Ogni tanto la discussione tocca i temi etici, in senso ampio.
Si è parlato dei costi per i funerali, e i più "razionalisti" valutavano la cosa come un costo assurdo, improduttivo.
Si commentava un articolo sulle proposte di matrimonio, e i "vulcaniani" commentavano sull'inutilità della cosa, su come sia meglio - se proprio ci si tiene - un matrimonio con zero invitati, che poi la gente si annoia, è un costo per tutti e così via.
Anche quando si parla di sesso e relazioni, la posizione è che si dovrebbero considerare cose normali, una funzione fisiologica importantissima. Si badi, non quando si parla di peccato, ci mancherebbe: anche quando si parla di gelosia. Insomma, se un partner va con un'altra persona, il suo pene o la sua vagina mica si consumano: non sta togliendo nulla al partner "ufficiale".

La razionalità è una bellissima cosa, e spesso ne siamo carenti. L'uomo è un animale razionale, sappiamo, secondo la famosa definizione.
Però l'uomo non è un animale esclusivamente razionale. E' persino irrazionale non riconoscerlo.

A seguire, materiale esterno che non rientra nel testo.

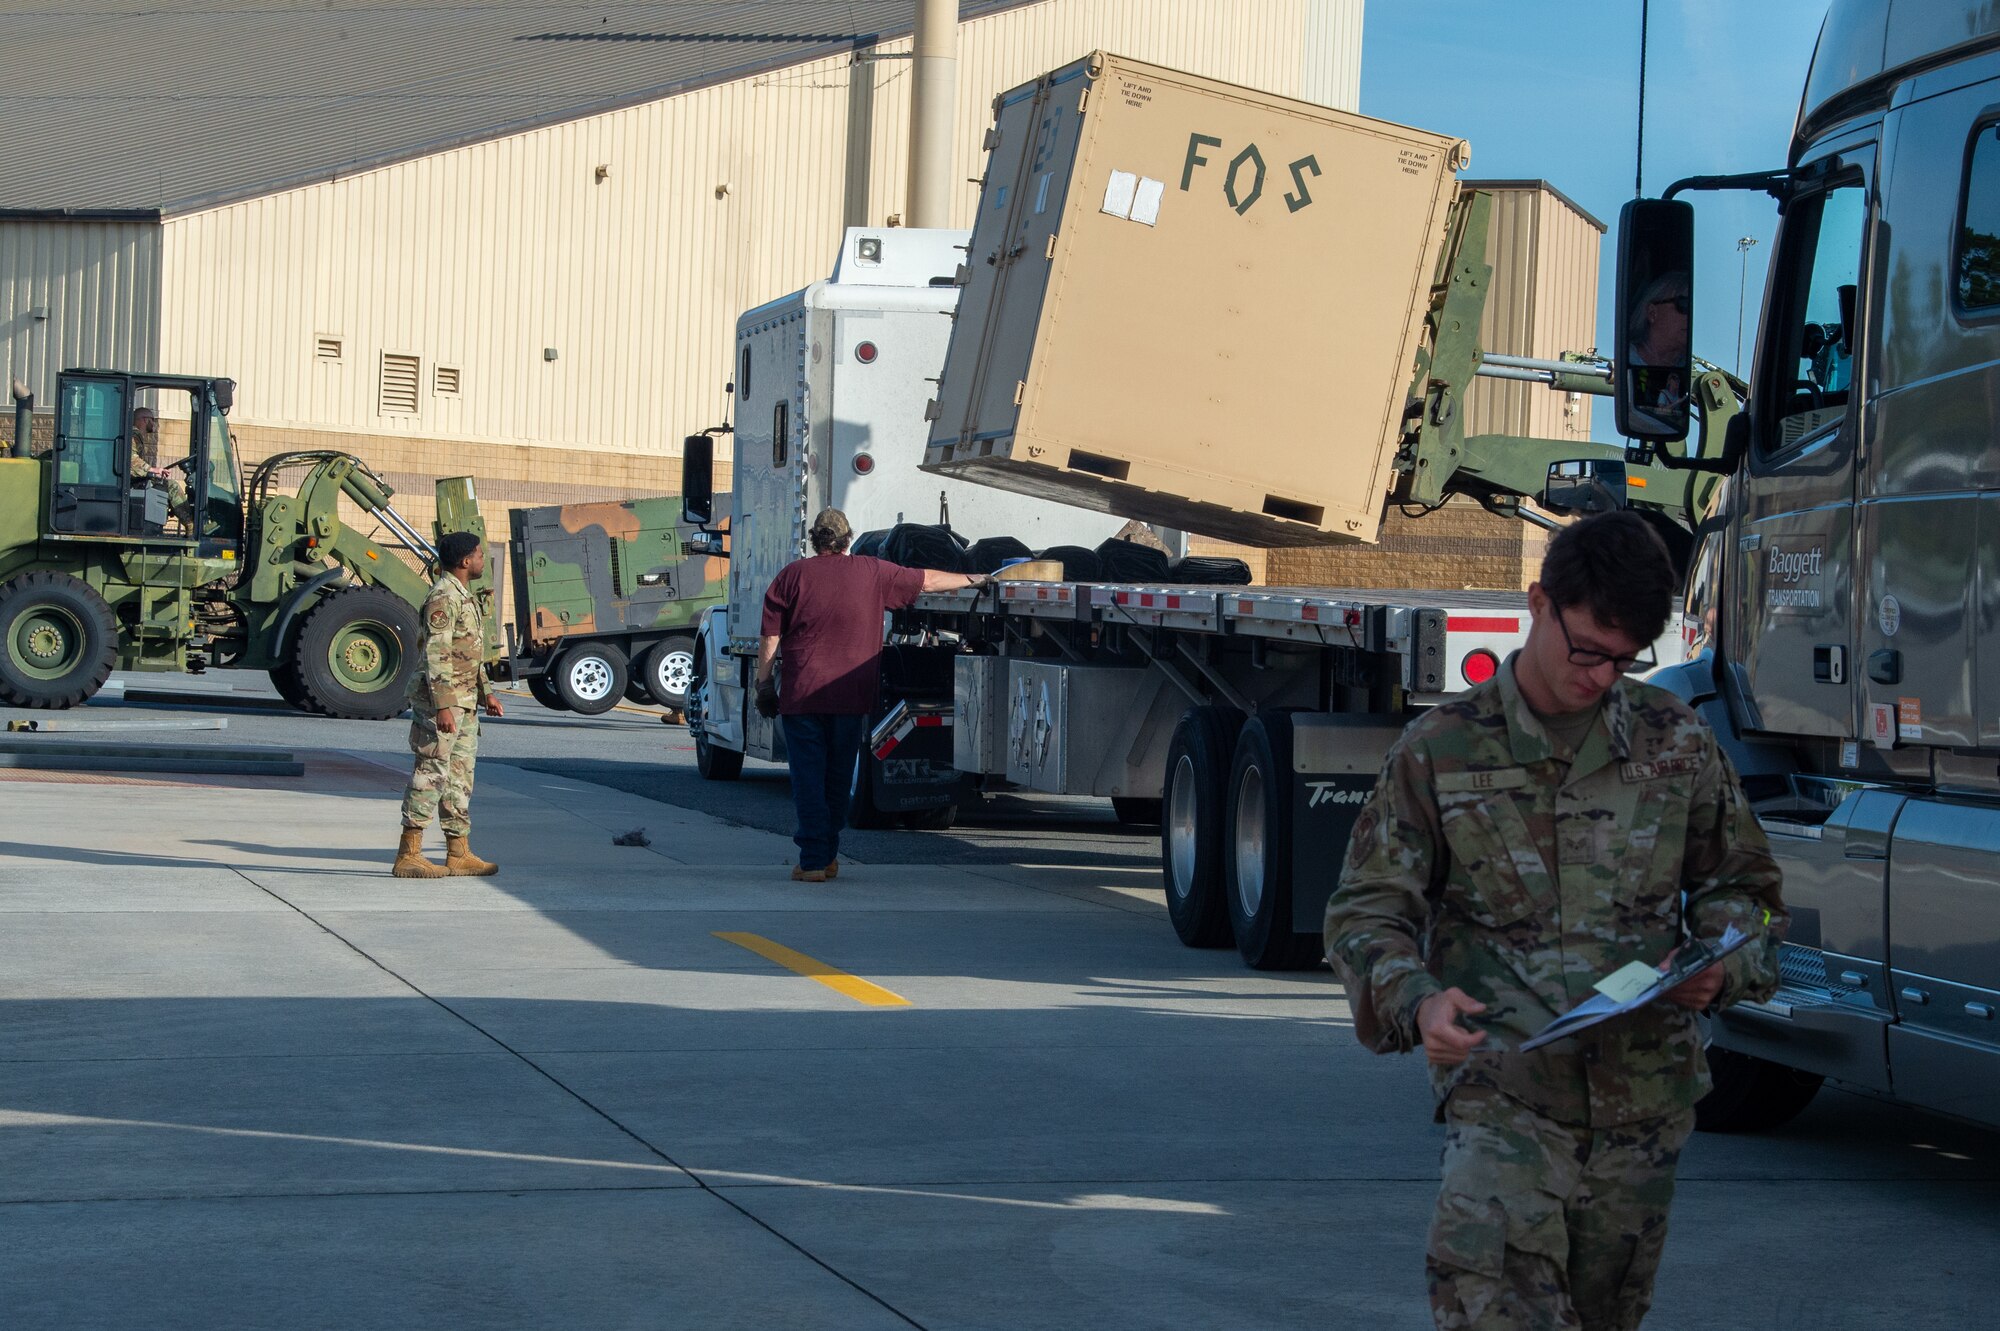 U.S. Air Force Senior Airman Lee, assigned to the 23rd Logistics Readiness Squadron, looks over documents while equipment is being loaded for Exercise Ready Tiger 24-1 at Moody Air Force Base, Georgia, April 8, 2024. The trucks were being used to assist in the transportation of supplies to various exercise locations.  The Ready Tiger 24-1 exercise evaluators will assess the 23rd Wing's proficiency in employing decentralized command and control to fulfill air tasking orders across geographically dispersed areas amid communication challenges. (U.S. Air Force photo by Airman 1st Class Iain Stanley)
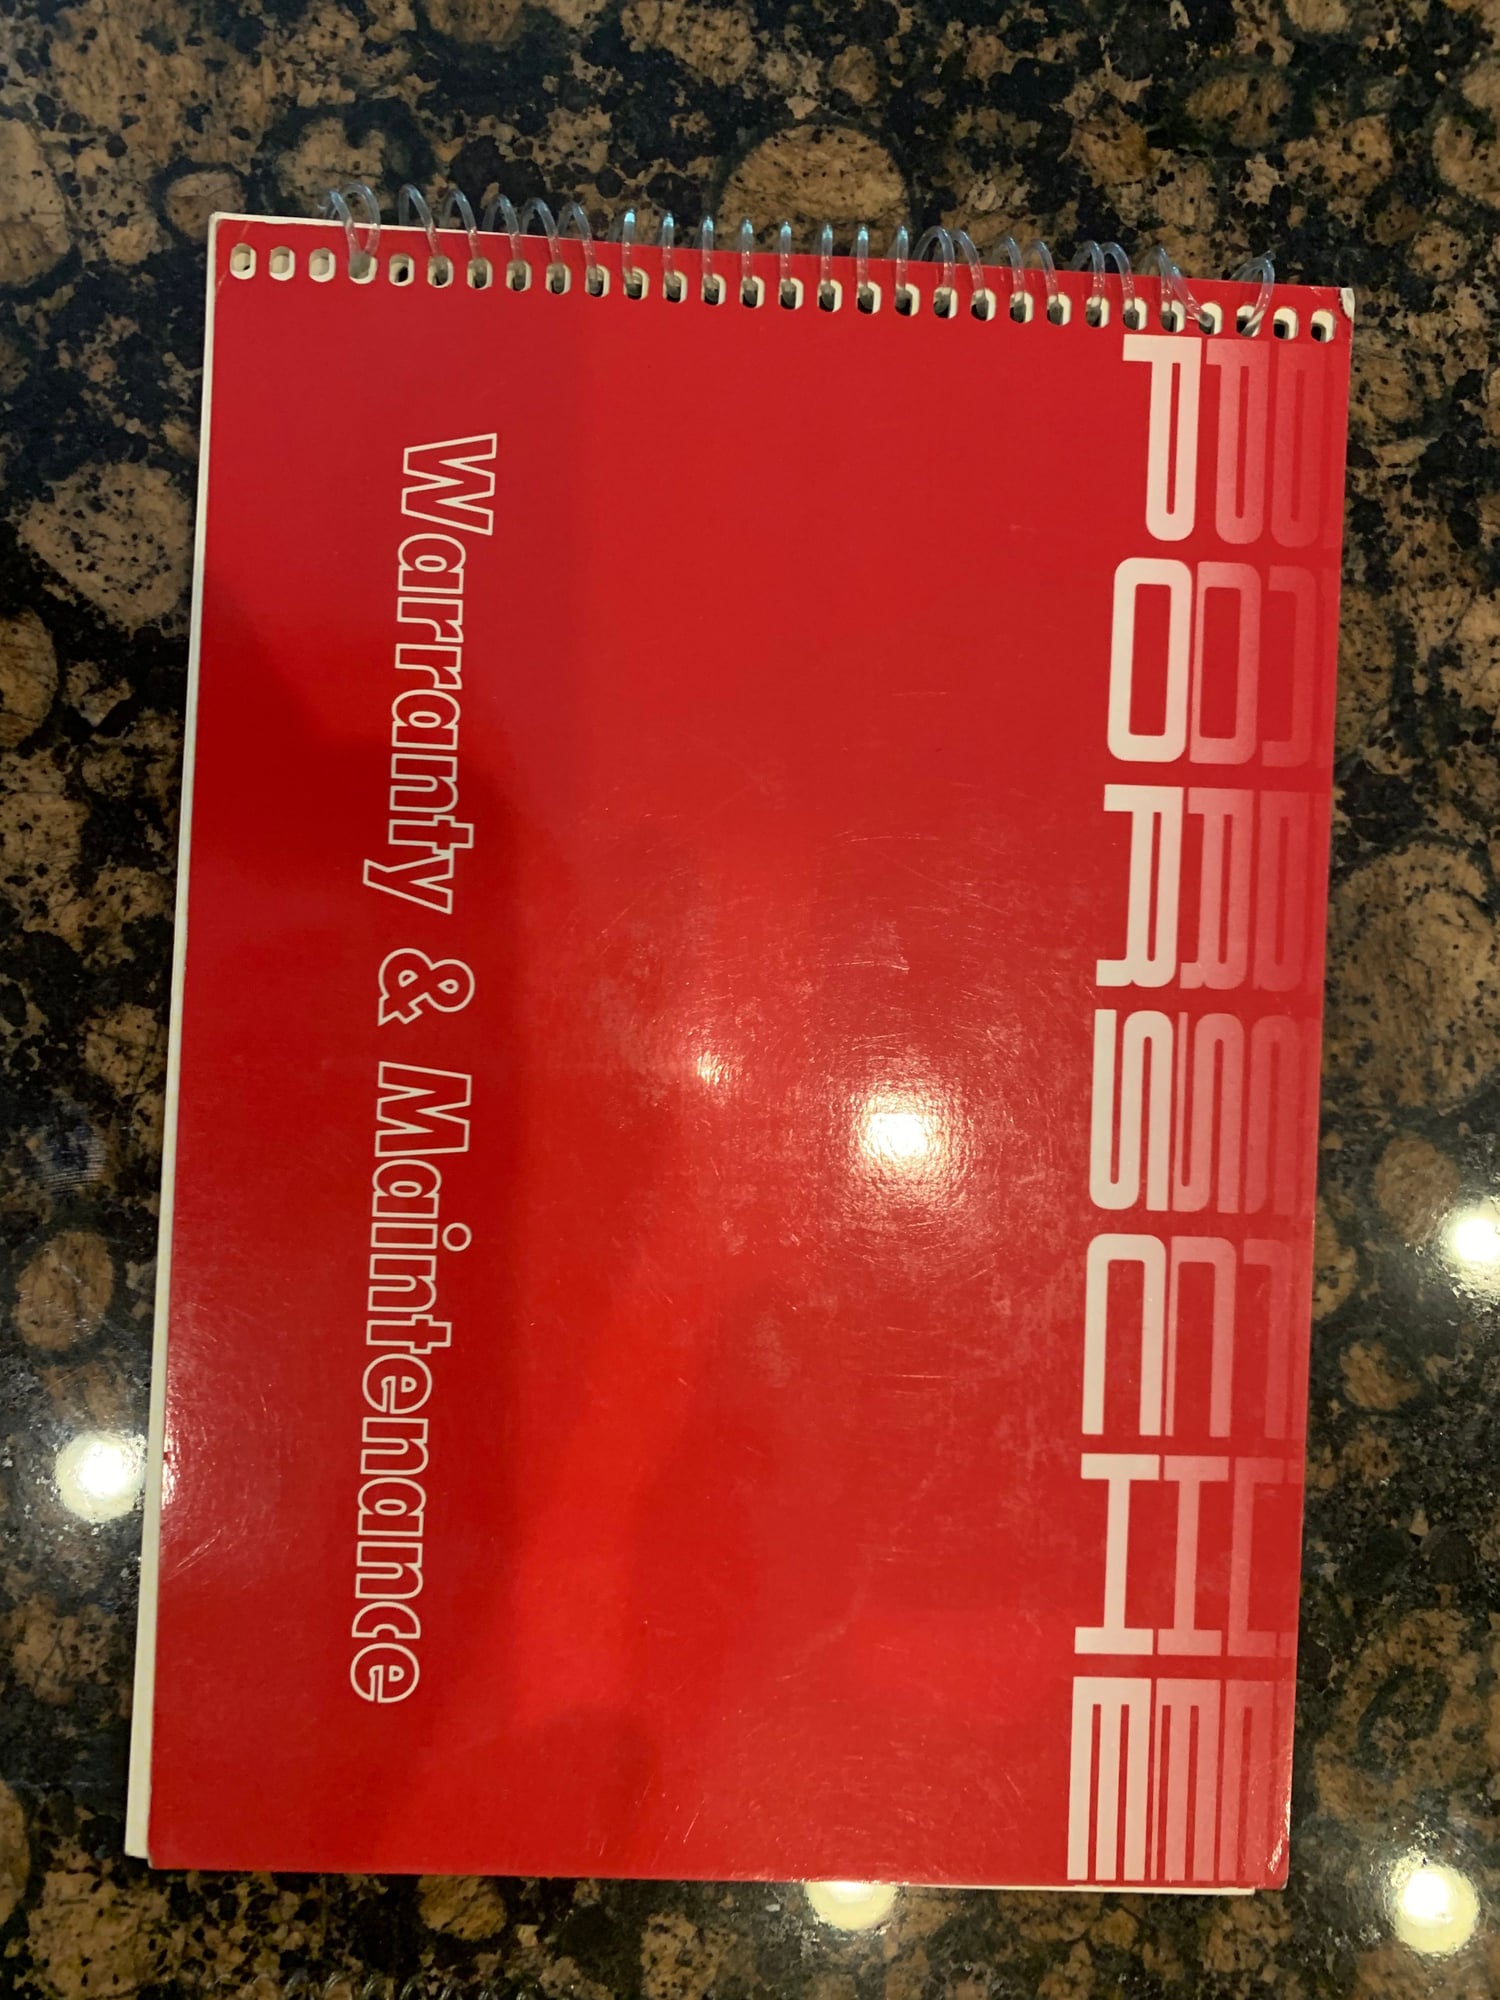 Accessories - 1986 Porsche 944 / 944 Turbo with owners manual folder - Used - 1986 Porsche 944 - Scottsdale, AZ 85259, United States

Questo razionalismo vulcaniano "fa il giro" e sconfina secondo me nel funzionalismo.
Ma non è l'uomo, che "funziona". Le macchine "funzionano". Gli animali, più o meno, hanno un approccio "funzionale" (in senso evoluzionistico) all'esistenza. Nelle ere si sono selezionate le varianti comportamentali che "funzionano" meglio.
Parlando di relazioni, sono i cani che fanno sesso occasionale e non fanno coppia fissa.
Parlando di defunti, una delle caratteristiche che distinguono l'uomo dagli animali è il culto dei morti. Gli animali non seppelliscono nessuno, non è nemmeno detto che "capiscano" il concetto di morte.
Persino in Civilization, per buttarla sul nerd caro ai razionalisti, una delle prime scoperte delle varie civiltà è il cerimonial burial.
L'uomo da quando esiste il mondo vive anche di "riti di passaggio". La morte è forse il rito per eccellenza, ma per moltissime culture lo sono anche il fidanzamento e il matrimonio.
Mi pare che un razionalismo spinto, esclusivo, che diventa funzionalismo finisca per disumanizzare l'uomo.

Tra l'altro questo razionalismo a volte viene meno: nelle discussioni sull'aborto, una ovvietà come il fatto che l'aborto sia sopprimere una vita umana (il feto è vivo? sì; il feto è un feto di essere umano? sì), senza che questo abbia alcuna implicazione o sottointeso riguardo alla liceità o meno (ci sono varie forme di soppressione della vita umana che sono legali, dalle guerre alla legittima difesa alla pena di morte, in alcune culture e legislazioni anche l'eutanasia), provoca solitamente nei "vulcaniani" grandi arrabbiature e grande scandalo. Si sa, i "vulcaniani" sono anticlericali, non si può prendere una posizione razionale se la sostiene la Chiesa.
Inoltre a me pare che un razionalismo funzionalista sia pericolosamente pendente verso l'egoismo. La massimizzazione della "funzione di utilità" personale spesso confligge con quella altrui. Credo di averne già scritto: la massima utilità nella salvaguardia dell'ambiente, per me personalmente, è che io faccia quello che voglio e inquini quanto voglio, mentre tutti gli altri facciano le rinunce necessarie. La massima utilità nella politica fiscale è che io paghi pochissime tasse (o le evada), tutti gli altri paghino quanto serve a far trovare a tutti (me compreso) servizi statali che funzionano.
Per superare questo egoismo bisogna includere anche gli "altri" nella "funzione di utilità", ma è un passaggio più "ideale" che razionale, specie se il singolo si trova in una posizione di privilegio a cui è difficile rinunciare per una utilità collettiva.